__EXERCISE__.
Your answer must be the lines of the material below, exactly as written, from its first line through the line with "Vintage Swiss De", and no pictures.
[RECORDS PROVIDED]
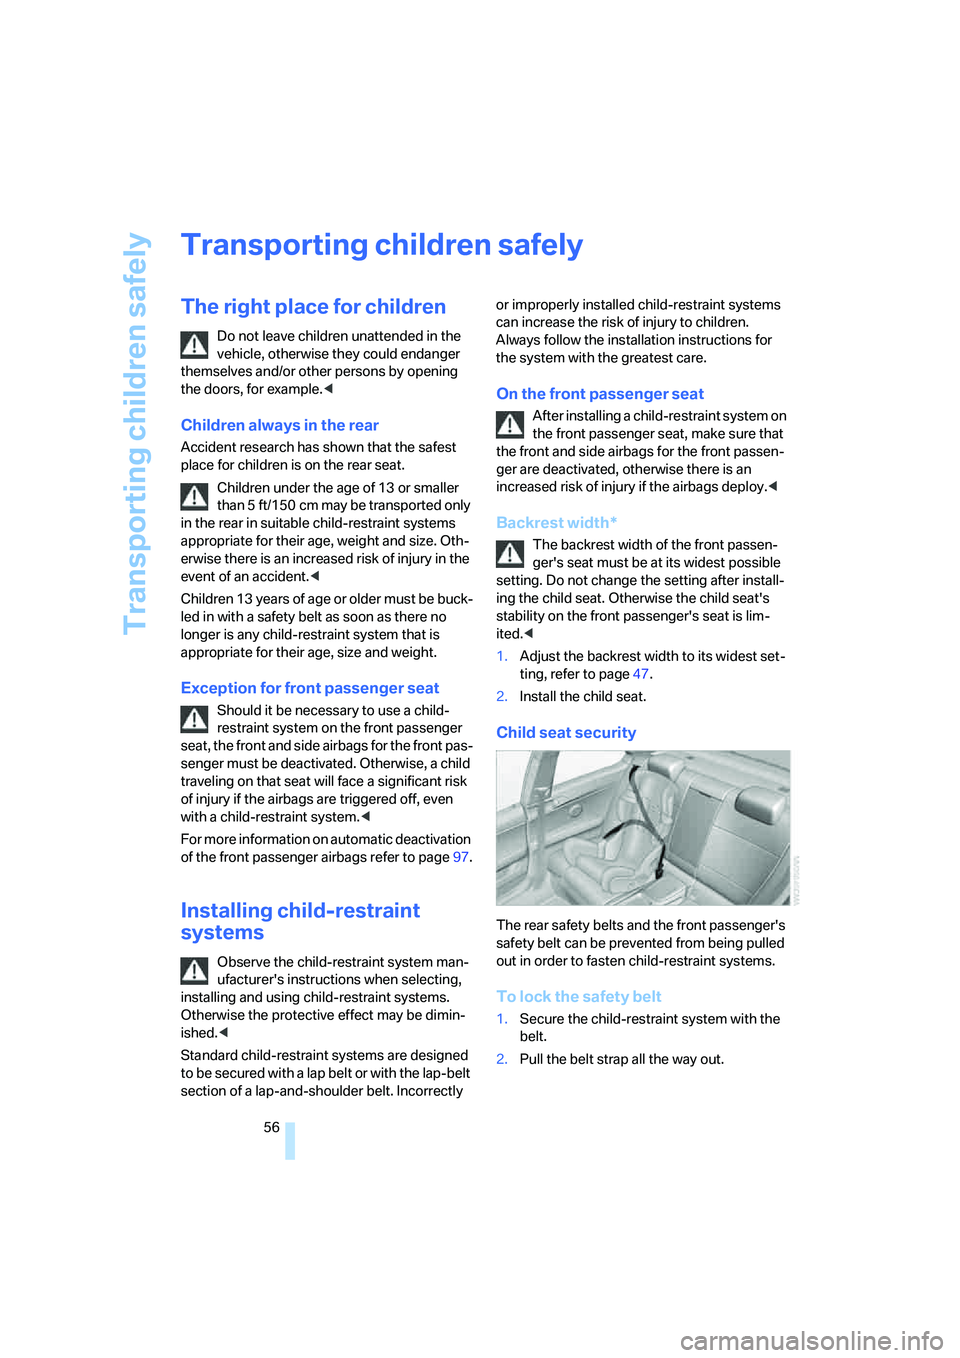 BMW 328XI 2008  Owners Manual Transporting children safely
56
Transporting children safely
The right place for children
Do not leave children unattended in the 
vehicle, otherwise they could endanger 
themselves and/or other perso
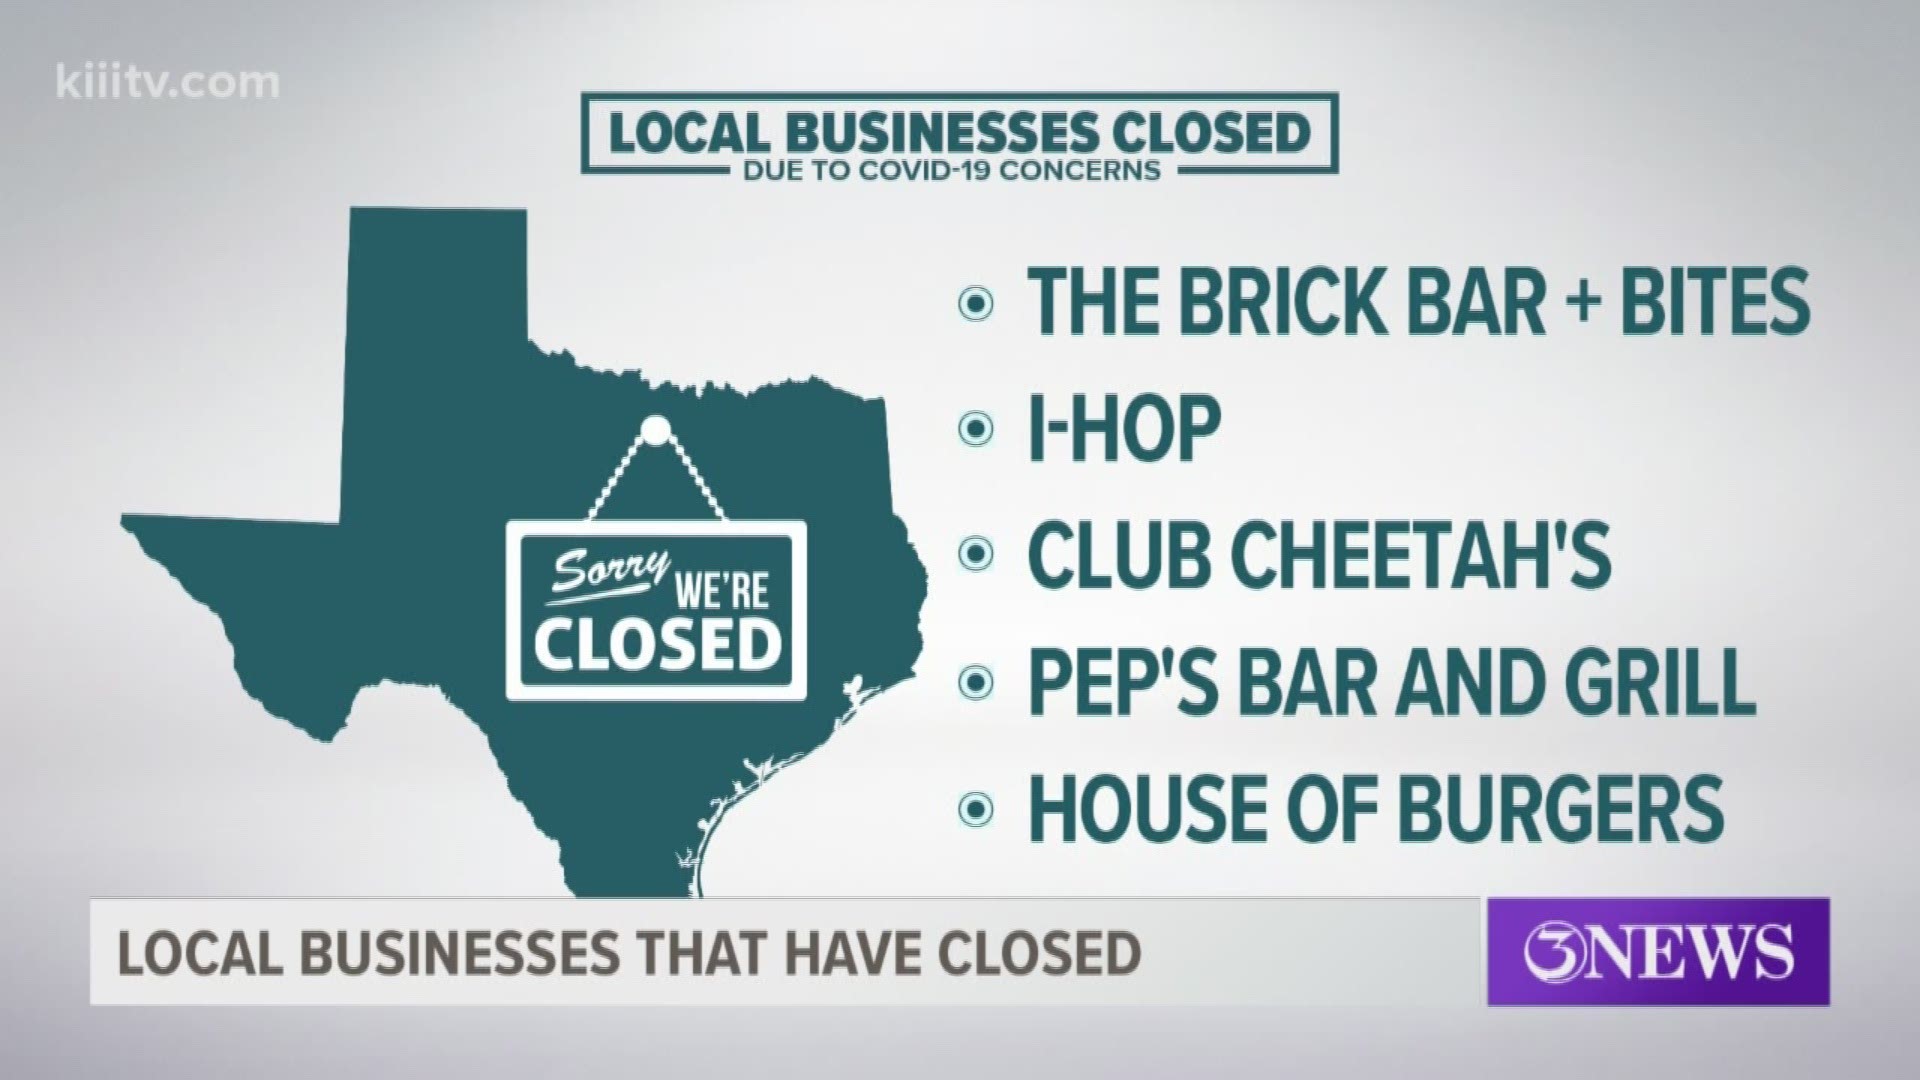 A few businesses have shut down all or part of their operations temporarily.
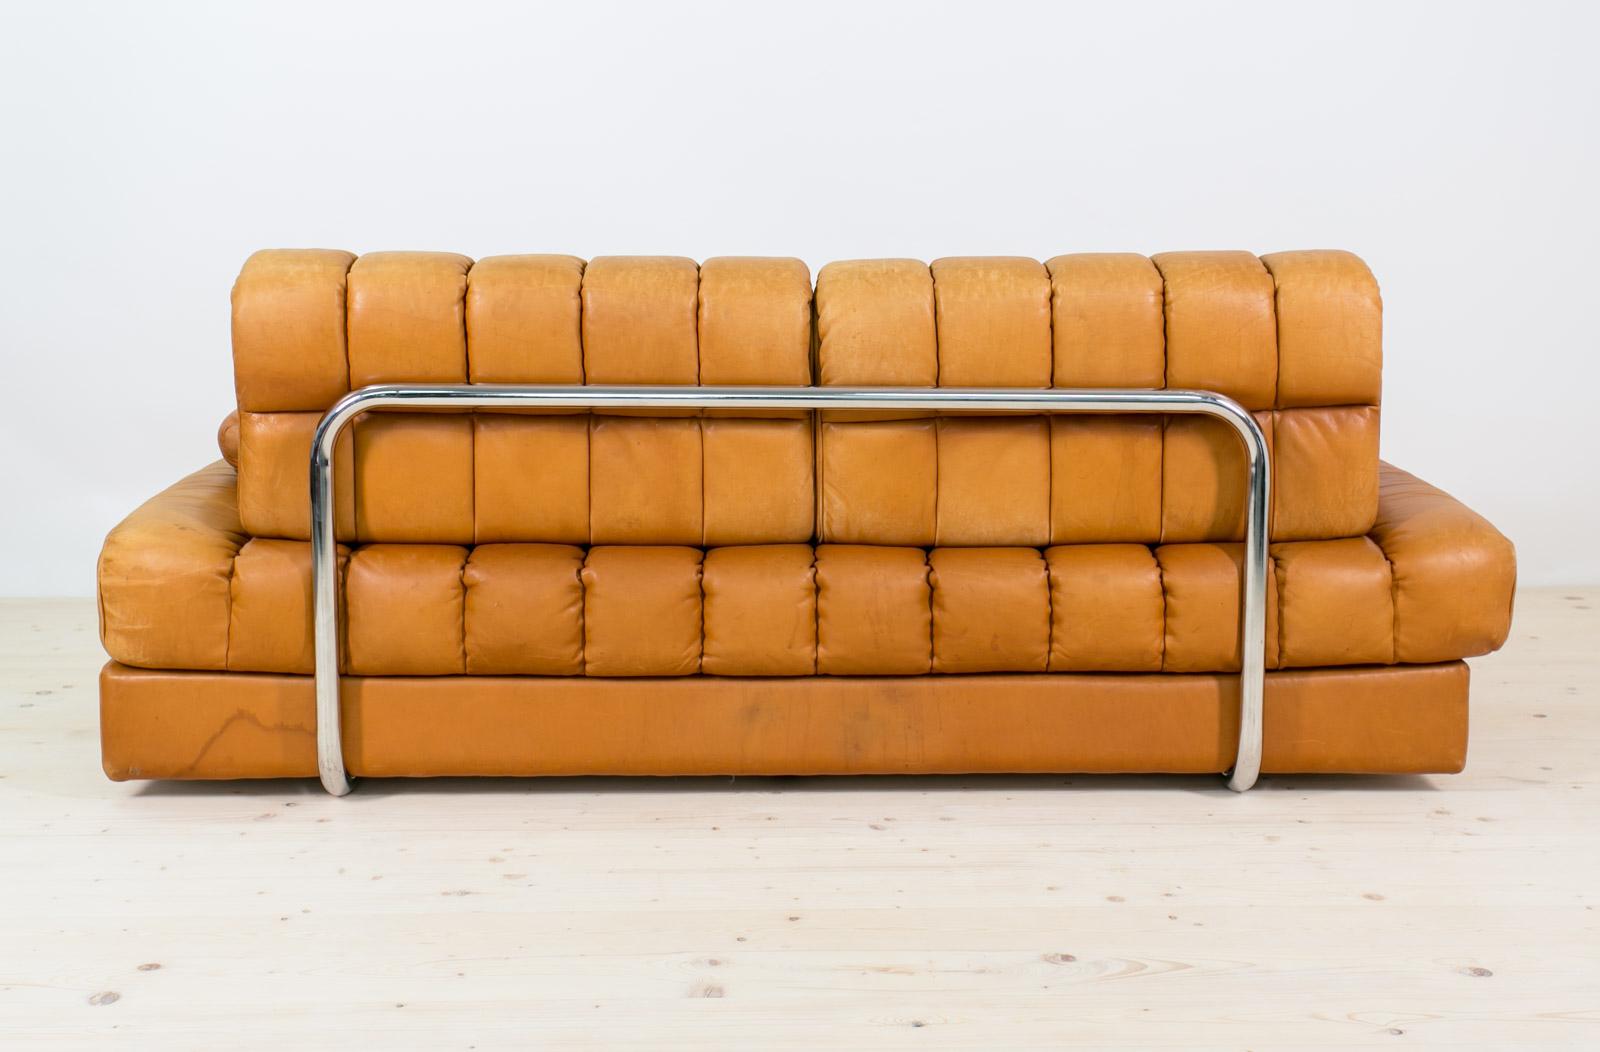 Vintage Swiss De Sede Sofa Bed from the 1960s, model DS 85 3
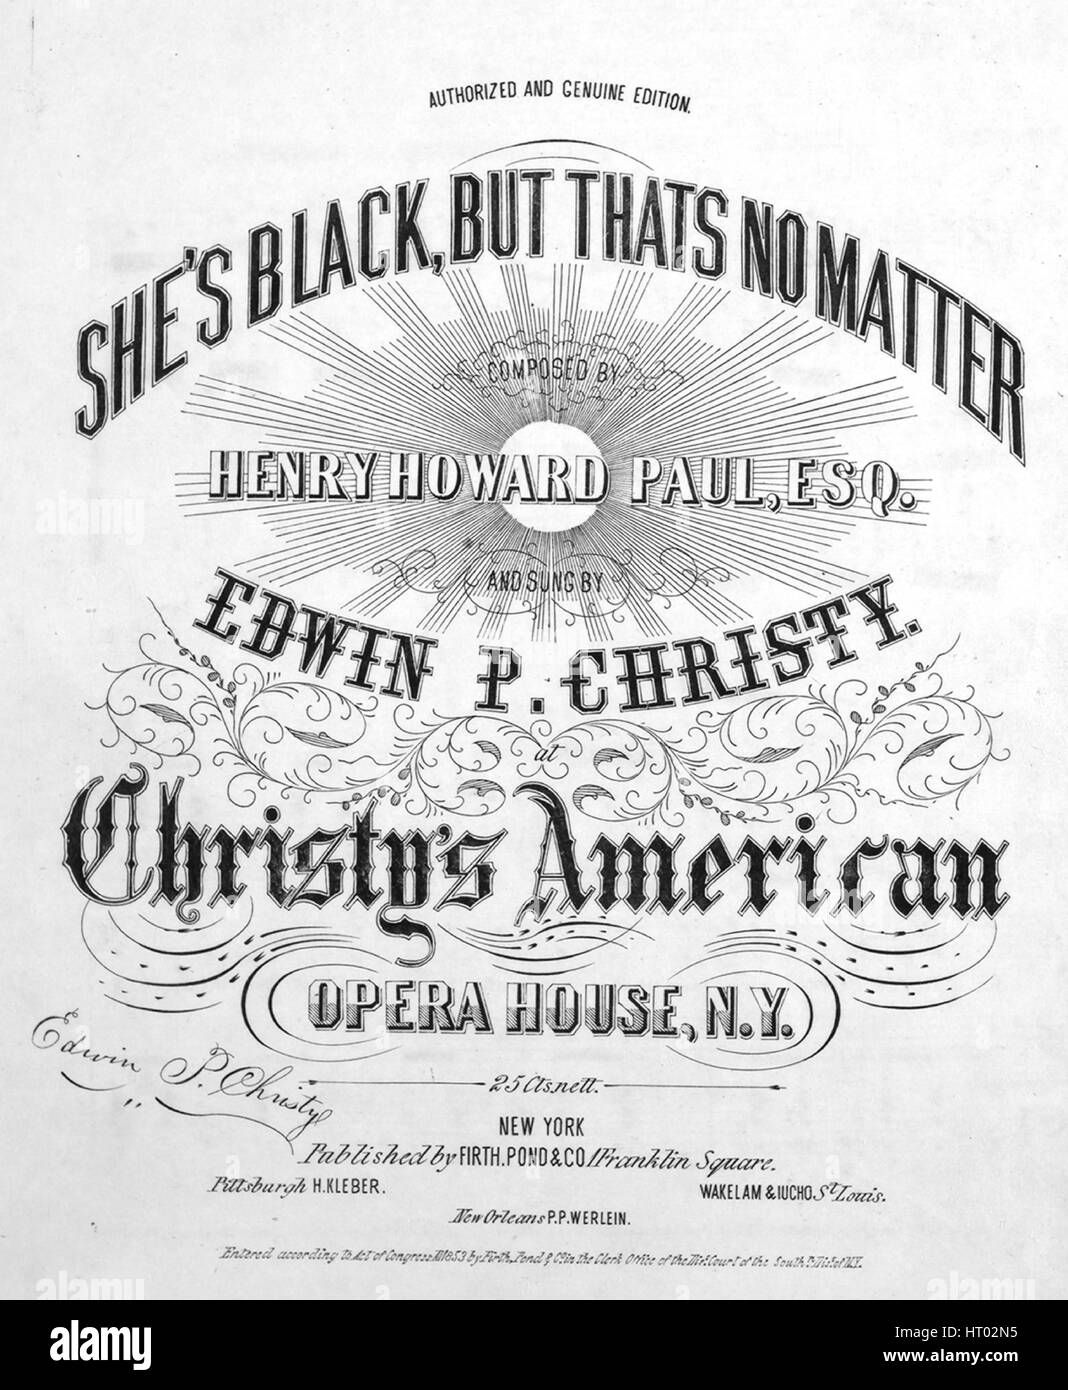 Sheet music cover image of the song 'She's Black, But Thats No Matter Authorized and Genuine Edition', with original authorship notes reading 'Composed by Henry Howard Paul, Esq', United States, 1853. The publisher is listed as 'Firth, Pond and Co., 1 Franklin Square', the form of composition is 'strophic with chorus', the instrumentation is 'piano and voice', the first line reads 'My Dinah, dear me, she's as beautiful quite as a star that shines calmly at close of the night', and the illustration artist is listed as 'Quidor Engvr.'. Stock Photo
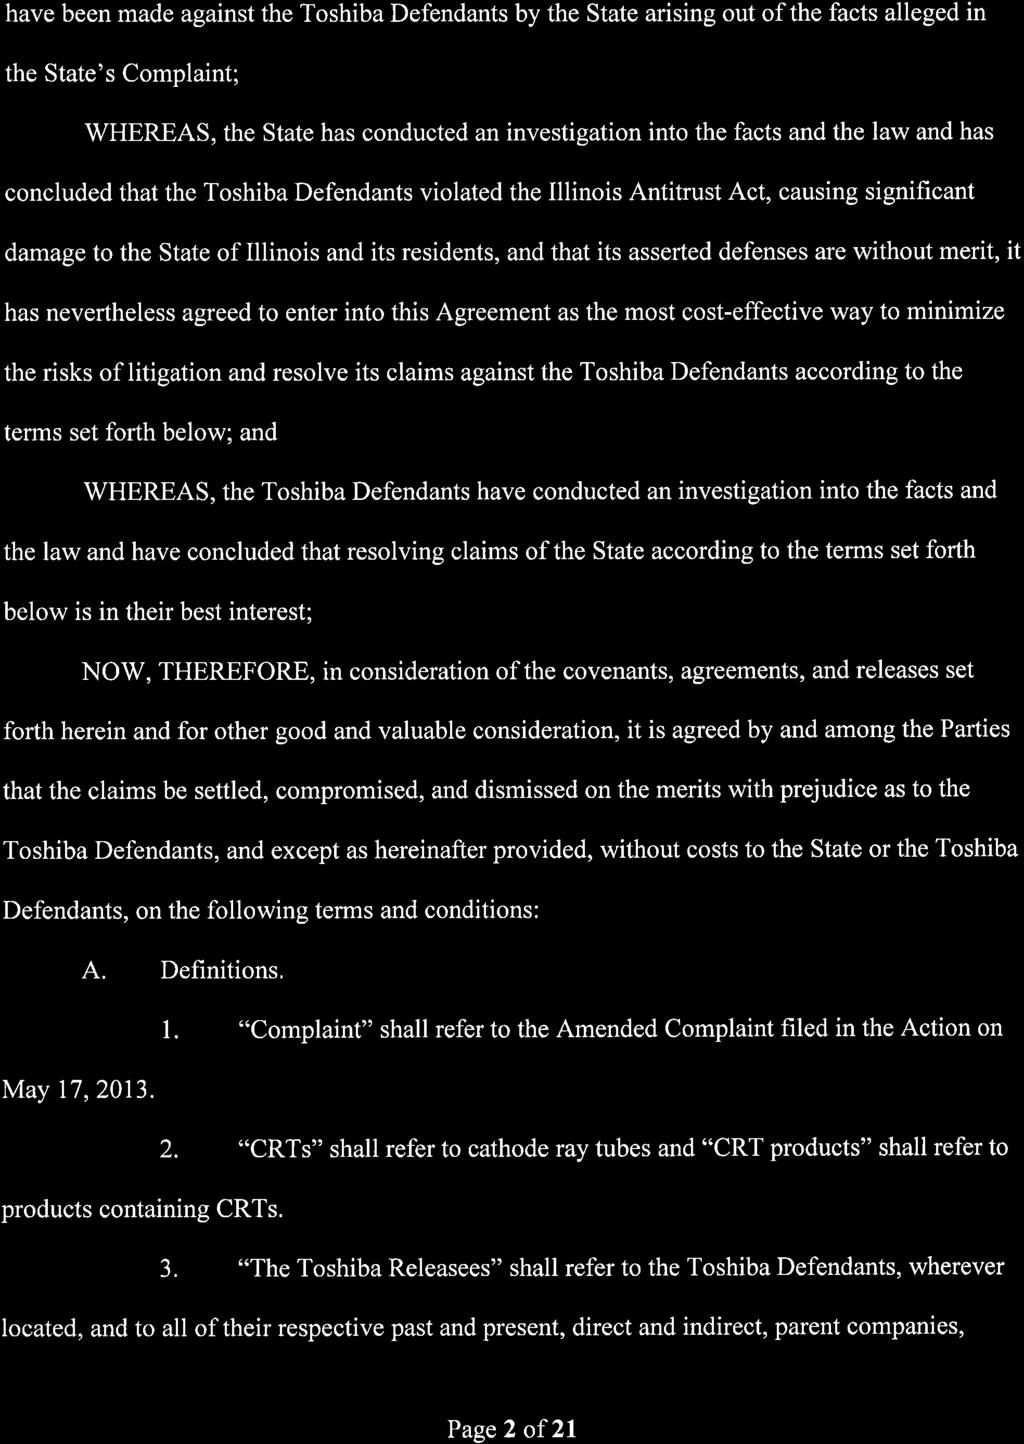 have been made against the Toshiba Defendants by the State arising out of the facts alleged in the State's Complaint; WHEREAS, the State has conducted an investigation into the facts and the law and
[/RECORDS PROVIDED]
__OUTPUT FOR THIS EXERCISE__.
 BMW 328XI 2008  Owners Manual Transporting children safely
56
Transporting children safely
The right place for children
Do not leave children unattended in the 
vehicle, otherwise they could endanger 
themselves and/or other perso
 A few businesses have shut down all or part of their operations temporarily.
 Vintage Swiss De Sede Sofa Bed from the 1960s, model DS 85 3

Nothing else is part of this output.